We calibrated the scanner against six high-profile public repos (vercel/next.js, facebook/react, microsoft/vscode, nodejs/node, ionic-team/ionic-framework, carloscuesta/gitmoji) and found real issues in all of them:

  • facebook/react: ${{ github.triggering_actor }} interpolated directly in a run: block (shell injection via malicious GitHub username)
  • vercel/next.js: Two curl | sh installer scripts without integrity checks (wasm-pack and fnm)
  • microsoft/vscode: Same curl | sh pattern for rustup
  • nodejs/node: The gold standard -- zero unpinned actions, permissions on every workflow; only finding was missing job-level timeout-minutes

The scanner differentiates first-party actions (actions/*, maintained by GitHub) from third-party actions. Unpinned first-party actions are medium severity; unpinned third-party actions are critical. This eliminates the noise that makes other scanners impractical -- 164 first-party unpinned findings in React at medium severity, not critical, alongside the 2 actually-critical shell injection findings.

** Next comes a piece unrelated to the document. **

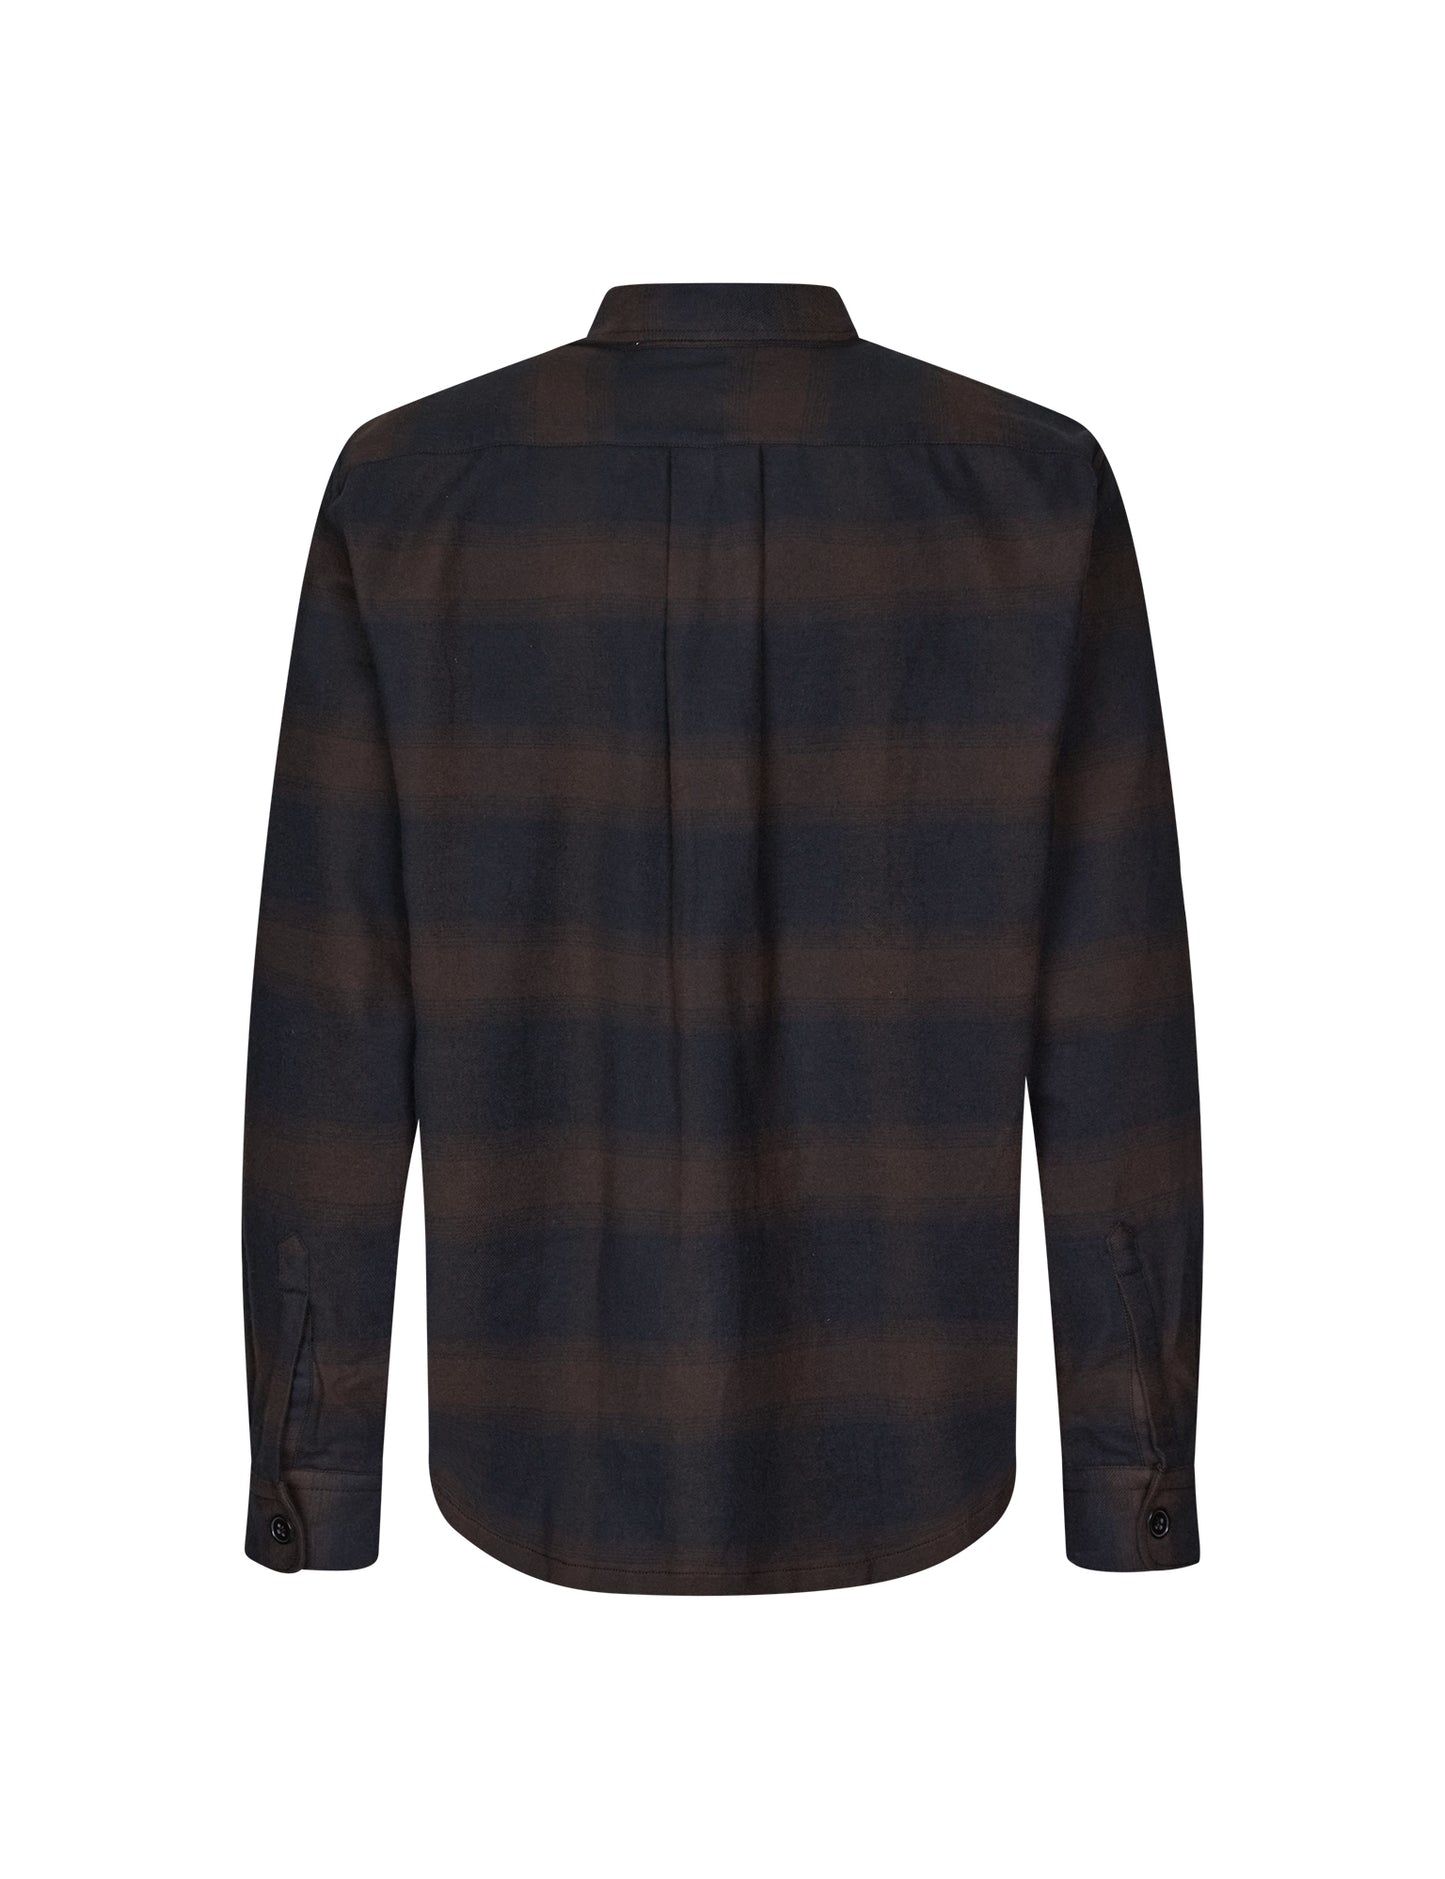 Flannel Heavy Malte  Check Shirt, Deep Well/After Dark Check
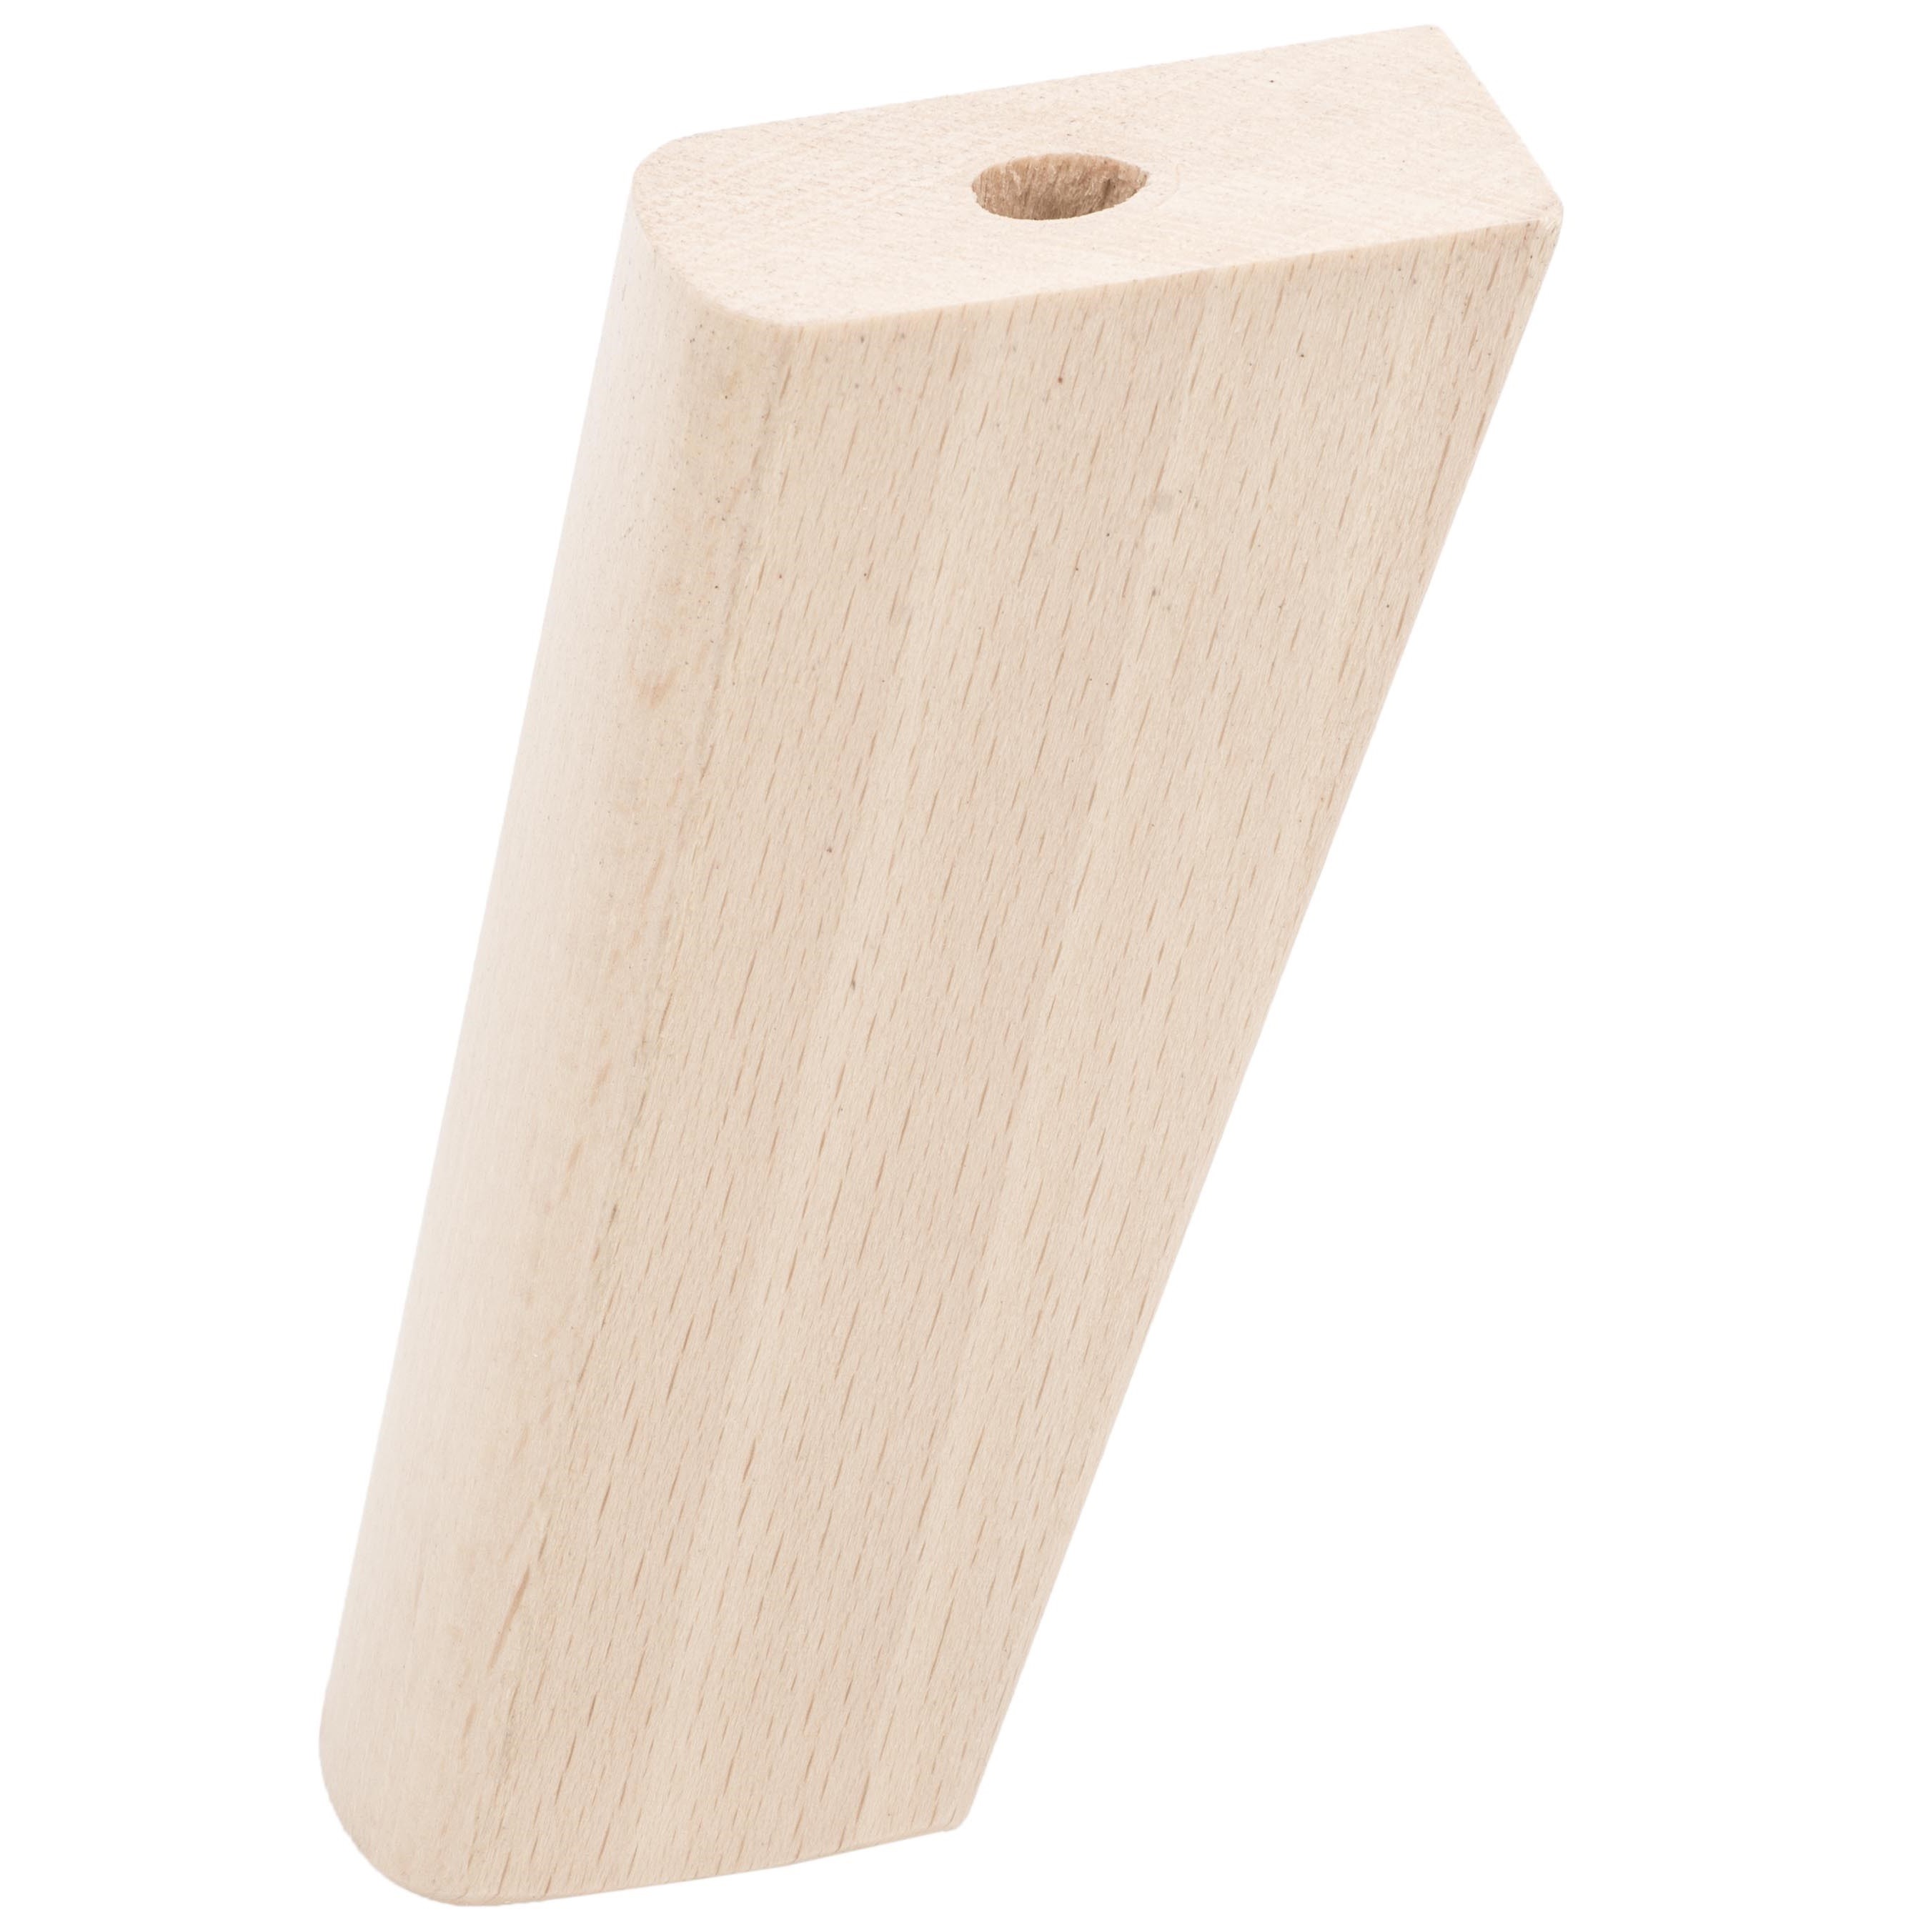 Type 2H6 wood. - 10,50 cm

Every rule from the checklist above is encoded in the scanner. Run it against your repos. Fix what it finds. Add it to CI. Then the checklist enforces itself.

Closing

This is not a one-time effort, but the ongoing cost is low. Automated dependency management (whether Renovate or Dependabot) keeps SHA pins current. zizmor catches regressions in new workflows. The initial hardening across 20 repositories was four days of concentrated work. Maintenance since then has been approving the occasional major-version update PR. The hard part is doing it the first time. After that, the tooling maintains itself.